Lastly, the company needs to ensure that its electrodes, the parts that generate the electric pulses, can withstand the heat and particles unleashed by each fusion reaction. Those parts won’t last forever; all commercial power plants have to undergo maintenance at some point. The question is usually how frequently and for how long. Zap needs to ensure its most vulnerable parts can last long enough to make financial sense for power producers.
By next year, the company will increase the amount of electricity that’s delivered to the reaction chamber until it hits 100 kilowatts. Along the way, Conway expects the company will revamp the Century bit by bit. “Even though Century is one platform, one name, within it are multiple generations,” he said. “We iterate within the iterations.”
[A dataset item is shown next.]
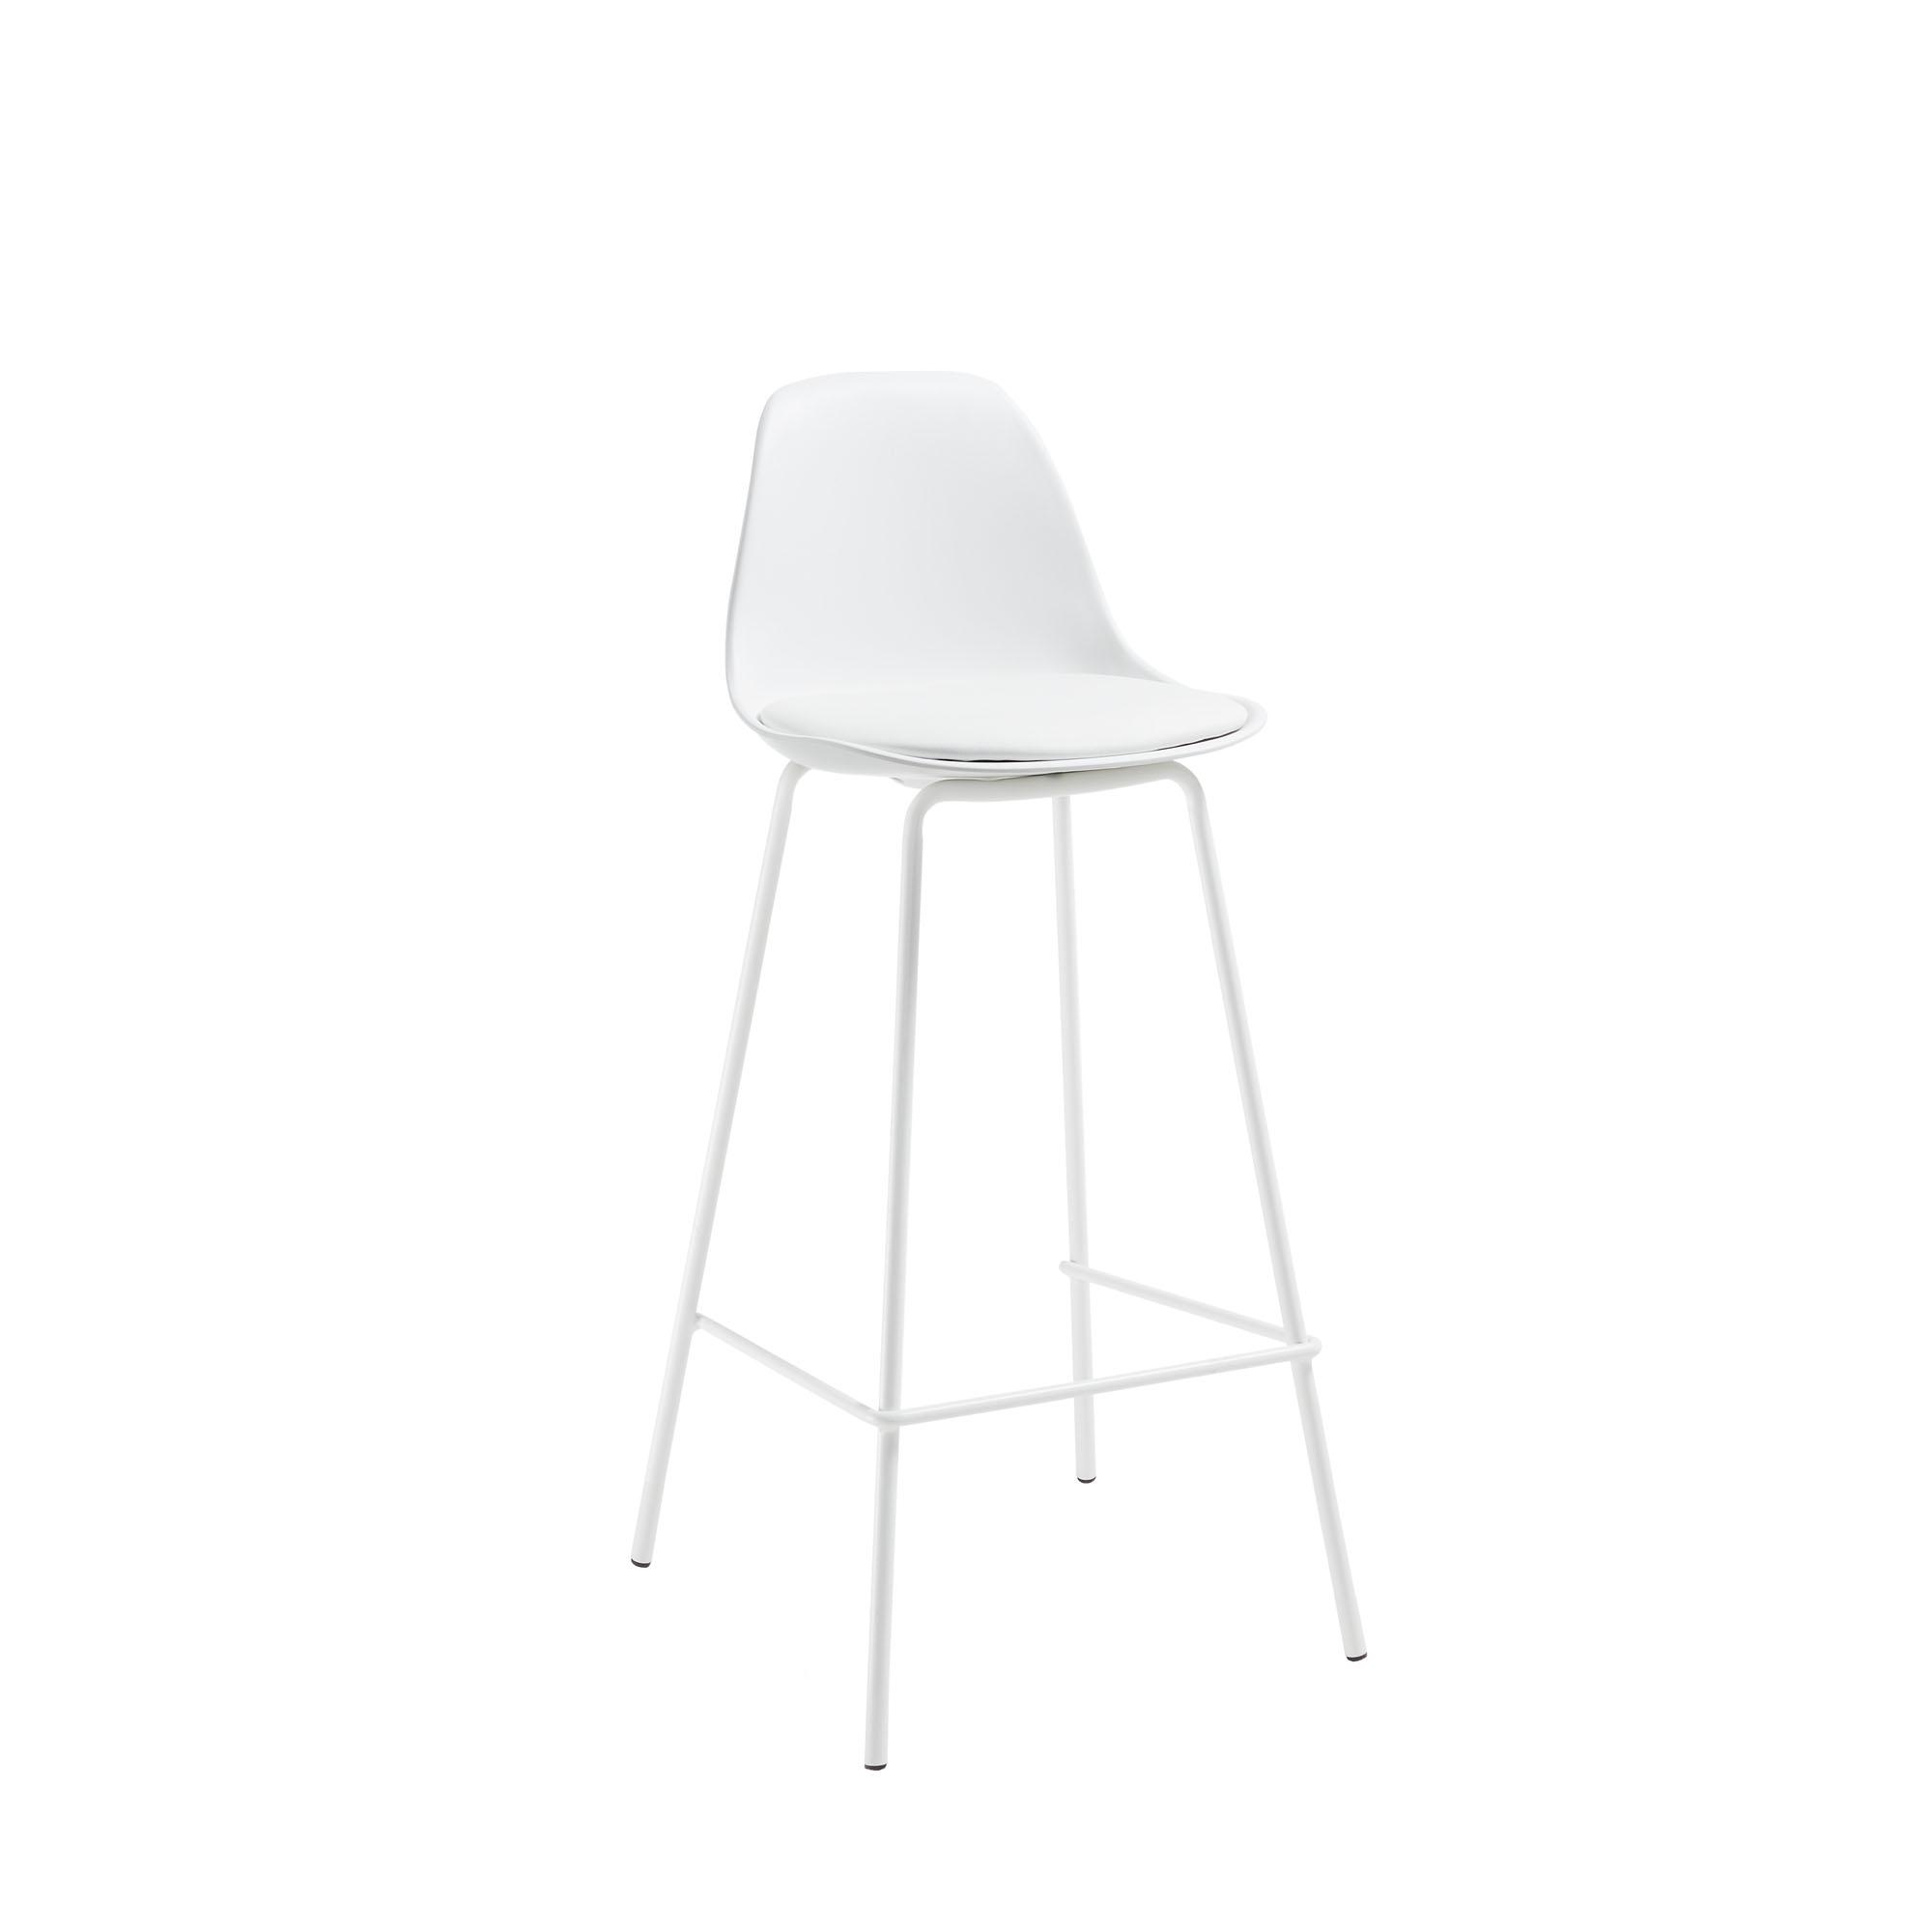 Barhocker online kaufen | Möbel Suchmaschine |

If Century works as planned, “my hope would be that we’re building a demo well in this decade,” Conway said. And if that goes well, commercial power plants should follow in the early 2030s.
A view of Century (right) and its power cabinets (left).Image Credits:Zap Energy
That’s a lot of “ifs,” something Conway acknowledges. “I’m convinced that when we cut the ribbon on our first power plant and we think about the hardest problems we’ve had to solve in the last five years, my guess is plasma physics and gain is on the list. But I bet there’s a lot of other stuff on the list as well.”
That “other stuff” might be what makes or breaks commercial fusion power.
“Fusion needs to compete with other ways of making electricity and heat. If fusion power plants cost a lot more than other ways of making electricity, there’s not going to be many of them. There may be one that we take our kids to and show on a school field trip, and that’s it,” Conway said. “The economics of these things is going to really matter.”